CFTC Challenge - Release: 6-21-1999


Institute for Justice Scores Major Victory For Internet/Software Speech

WEB RELEASE: June 21, 1999
CONTACT: John Kramer (703) 682-9320
[First Amendment]


Washington, D.C.-First Amendment free speech rights extend to the Internet and software. That is the finding of a hotly contested lawsuit that pitted financial publishers against a federal regulatory agency.

In a federal case closely watched by the high-tech industry, U.S. District Court Judge Ricardo Urbina today held that Internet publishers and computer software developers as well as traditional newsletter publishers can publish without first being licensed by the Commodity Futures Trading Commission (CFTC). This decision sets an early and important precedent in favor of extending First Amendment protection to software development and the Internet, areas of law where the jurisprudence is only now being established.
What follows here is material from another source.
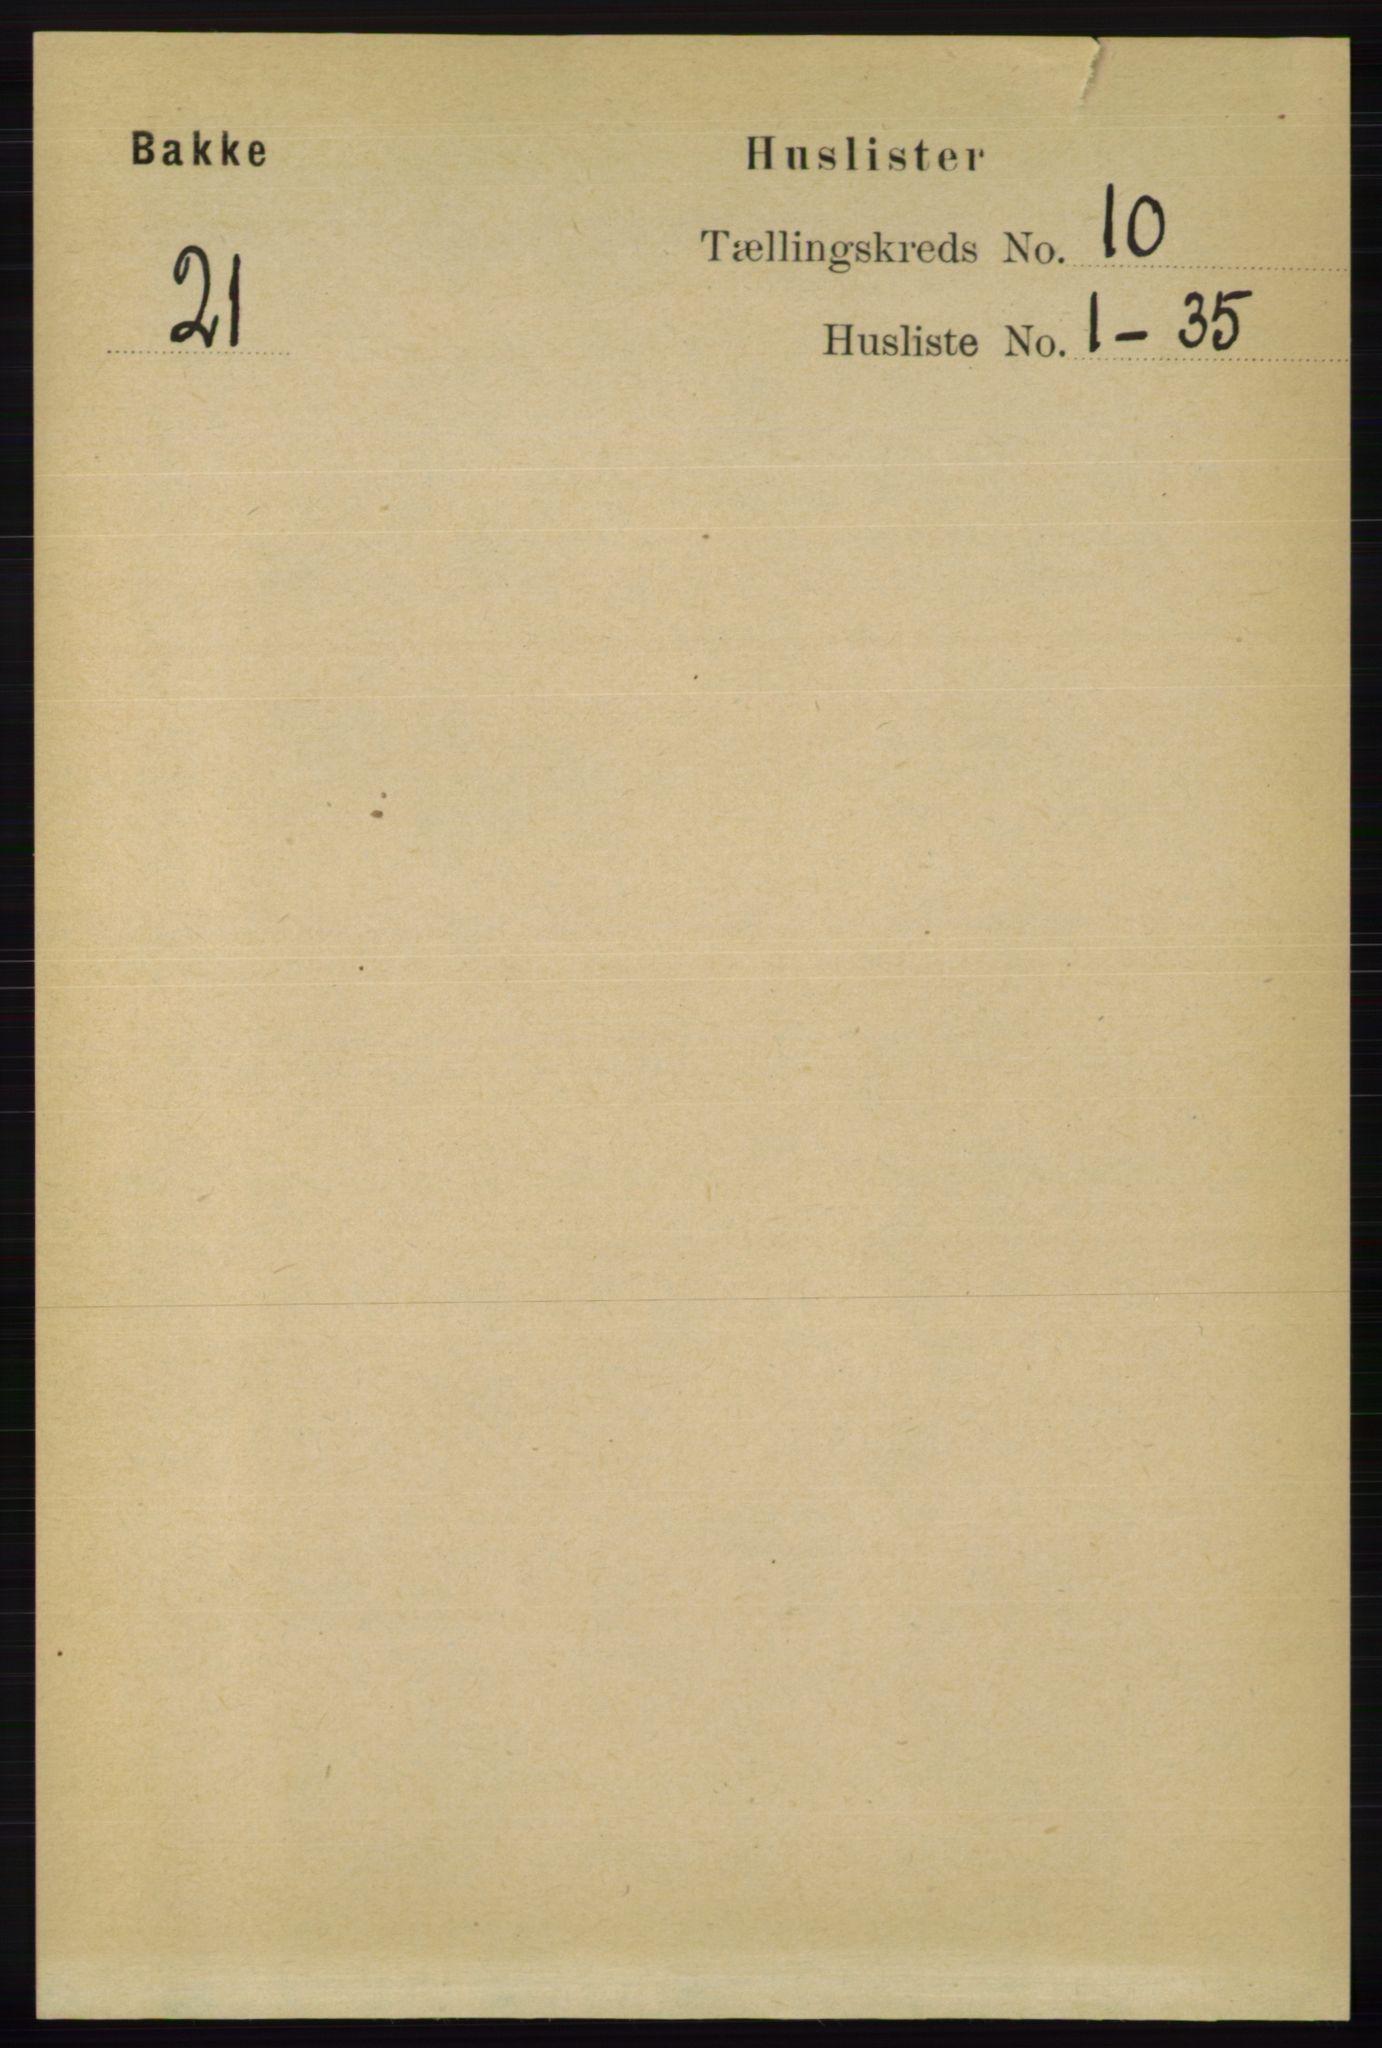 RA, Folketelling 1891 for 1045 Bakke herred, 1891, s. 1964

"Today, the First Amendment won and an overreaching federal bureaucracy lost," said Scott Bullock, senior attorney at the Institute for Justice, a Washington, D.C. public interest law firm. The Institute represented publishers of online content, websites, software, books, and newsletters designed to assist people in analyzing the commodity and futures markets, and consumers who subscribe to the sites, on-line services, and publications to find information and make their own decisions. Like most content providers, the Institute's clients do not invest customer funds; nor do they give person-to-person trading advice. Instead, they simply provide information and analysis to their customers. "The decision is an important victory for Internet publishers and computer software developers," Bullock said.

The CFTC sought to establish its authority to regulate and license anyone who speaks on topics under its jurisdiction-in this case the commodity markets. The CFTC demanded registration as a "Commodity Trading Advisor" before one can publish any information on these markets.

Registration requires fees, fingerprinting, background checks, and perhaps most onerously, handing over a list of one's subscribers and being subject to on-demand audits by the CFTC. Failing to register risks $500,000 in fines and up to five years in prison.

Judge Urbina wrote, "There comes a point, however, where government legislation crosses the line between the regulation of a profession and the regulation of speech." The judge then went on to write, ". . .the CFTC's application of the CEA's [Commodity Exchange Act] registration requirement to the plaintiffs in this case constitutes an attempt to regulate speech, not a profession."

"If the regulators had prevailed in the suit, development of software and online content would have been dramatically curtailed as government agencies aggressively licensed and regulated information providers over these evolving media," said the Institute's Managing Vice President John K. Keppler.